In the last few decades the word sustainability has been used a lot. Completing a quick internet search will generate an overwhelming amount of information. There are many nuggets to glean from this material and twice as many opinions on how to incorporate this concept into your business. Sustainability can be a hard concept to grasp, much less apply. So why should you invest your time reading this article or learning about this subject?

“The concept of sustainability could be likened to a skeletal structure on which all of the other body parts find their place and function” 

The practical application of sustainable principles is one of the most effective means to growth. The concept of sustainability could be likened to a skeletal structure on which all of the other body parts find their place and function. Without the purpose and form dictated by the skeletal structure the other parts of the body would function less efficiently at best and to the detriment of the system at worst. The use of methodologies like Lean, Six Sigma, TRIZ and many others can find their place, proper form and function when guided by the foundational principles of a firmly established sustainability mission. These methodologies can then inform actions taken by individuals to move everyone forward in the same direction and towards a growth oriented and opportunity rich future. The organizational impact of applied sustainability can be defined in three distinct arenas which are social, environmental and economic.

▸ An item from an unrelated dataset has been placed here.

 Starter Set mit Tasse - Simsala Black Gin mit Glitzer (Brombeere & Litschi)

Social impacts are the most impactful of the three. Ideas originate with individuals not teams or groups. Collaboration within groups can improve ideas but you need a motivated individual to provide the spark. So why would someone go out of their way to create a spark? There are as many motivators as there are people but a common one is mission. Does your company have a mission that engaged individuals can pursue? Selling more stuff is not a mission. Neither is making more money. Creating a more sustainable world for our children is a mission. Boldly proclaiming an aggressive target and doing what hasn’t been done before is a mission. People are drawn to passionate idealists. Does your company have a passion for something?

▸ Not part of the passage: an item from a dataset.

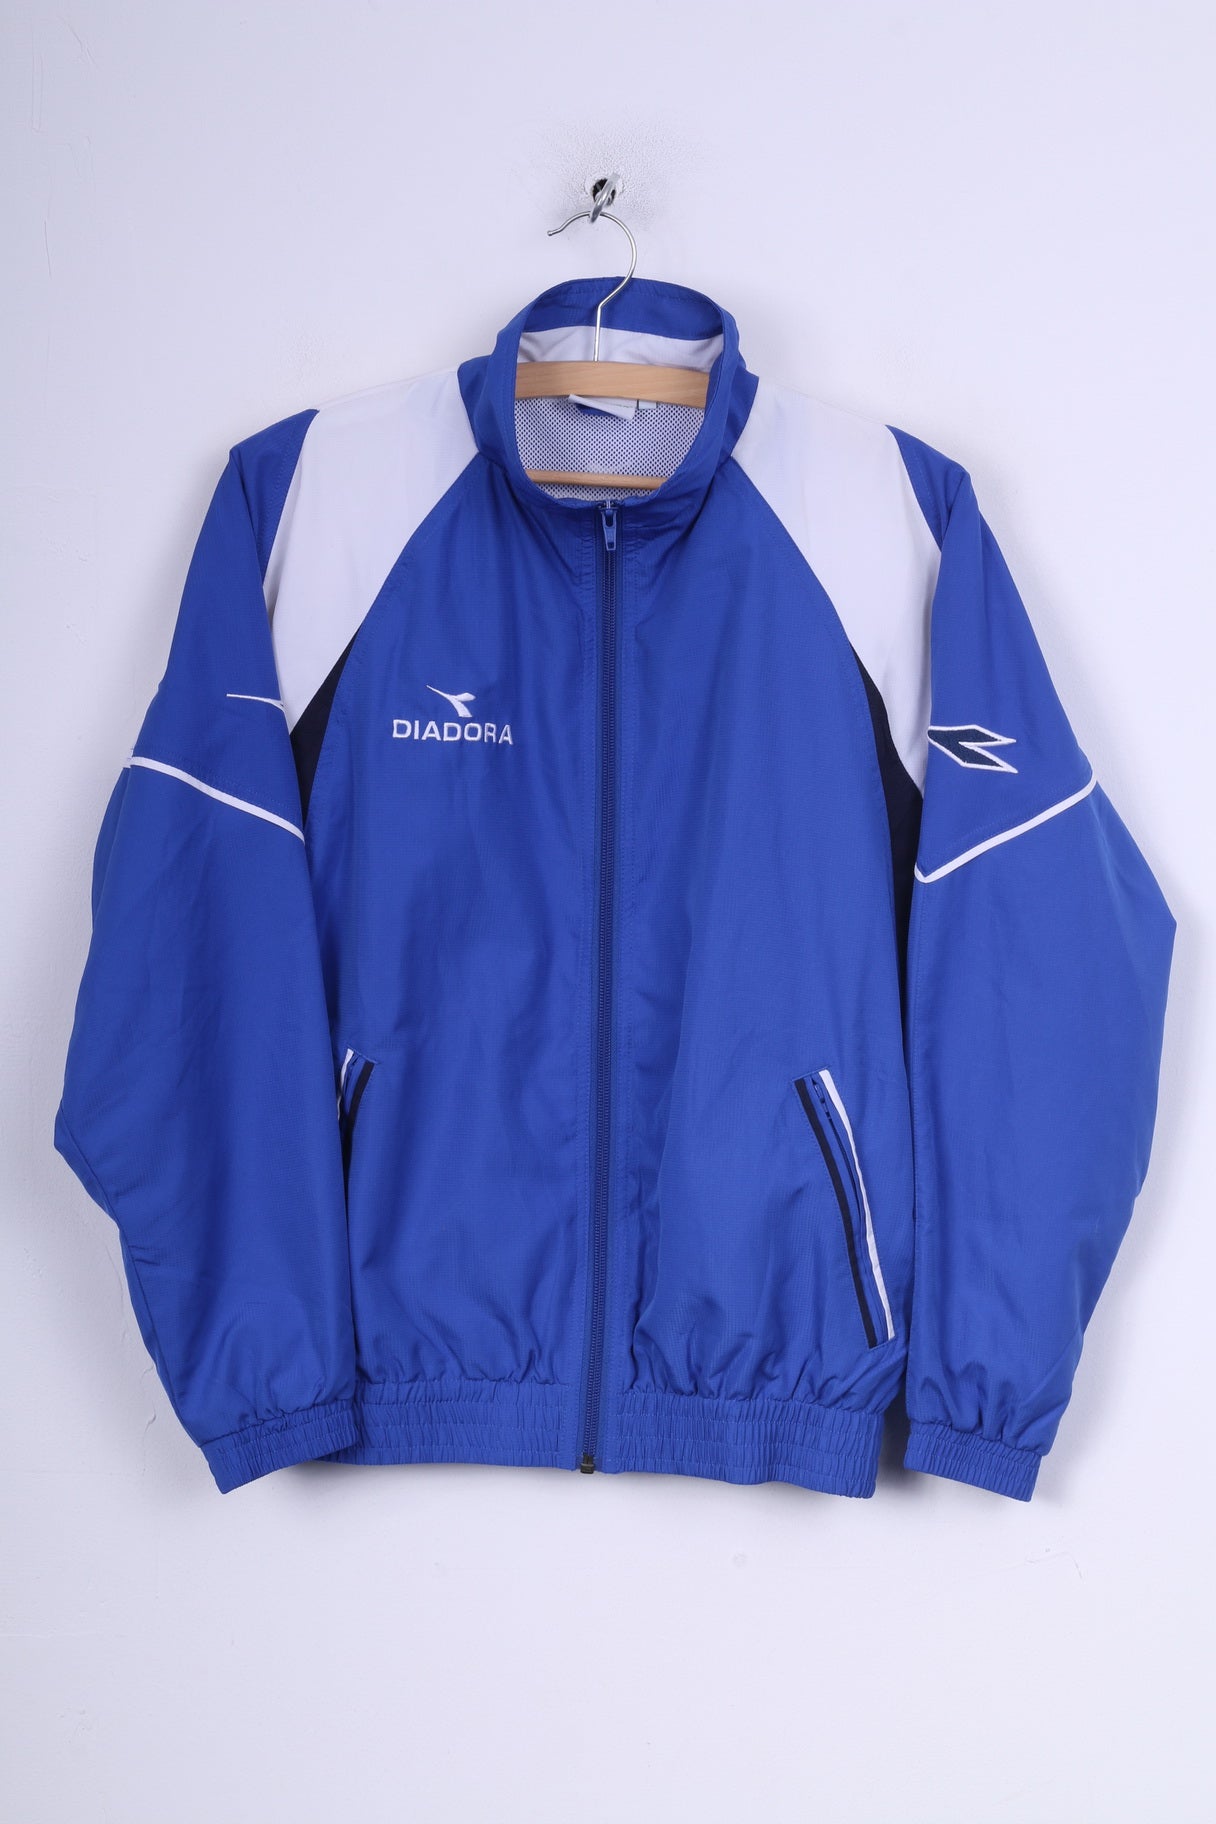 Diadora Boys 170  Jacket Blue Full Zipper Sport Training Lightweight

Environmental impacts should be a no brainer in this day and age. Does your company proactively pursue strategies that improve your impact or even better restore the environment? If not, you’re a target for your competitors who do. The work of understanding the environmental impacts of your business can be completed in many different ways. Some common methods to gain an understanding of these complex systems are Life Cycle Analysis (LCA), SWOT and Value Stream Mapping (VSM). There are many more methodologies that can provide insight for those who put them to use. In the end your company’s approach to the environment will be a competitive advantage or an Achilles’ heel. There’s no middle ground.

Economic impacts are the resultant of positive social and environmental actions as well as the application of the competitive advantages created by sustainable strategy. There are many sustainability strategies designed with the purposeof stretching the marketing dollar by creating a good story. That’s not necessarily a bad thing but that’s not what I’m talking about. I’m talking about individuals passionately executing a sustainable strategy in their functional areas to further a mission in which they are invested. At its core, economic growth is based on providing your customers with something that is uniquely better than your competitors. A clear sustainability strategy aligns the actions of individuals into a positive social, environmental and economic movement. Growth in each of these areas and new opportunities are therefore a resultant of your mission and the pursuit of sustainability.

Practical application of sustainability principles can create opportunities that aren’t possible for your competitors. Many have heard enough sustainability greenwash to last them two lifetimes. I’m one of them. However, I have put the principles that Ray Anderson passionately promoted to the test and they are powerful. If Lean and Six Sigma methodologies are a magnitude 5 earthquake then sustainability is a 10.

The holistic application of the structural framework that is sustainability allows for the creation of wholly new business models as well as the ability to create dramatic improvements in existing ones. By systemically applying these principles I have been able to incorporate all of the following attributes into a single business model:

• Improve gross margin by 30 percent
• Reduce cycle time by 85 percent
• Improve system capability by 1,100 percent
• Improve custom design friendliness by 500 percent
• Improve floor space efficiency by 400 percent
• Improve capital expenditure efficiency by 60 percent
• Decrease operational cost by 65 percent
• Reduce existing inventory by 50 percent

Considering your approach to sustainability is the best place to start when searching for new and innovative ways to bring your product to market. In my opinion, it is the only strategy that can impact the engagement of your stakeholders, transform environmental regulations into a competitive advantage and create new hyper-competitive economic growth engines.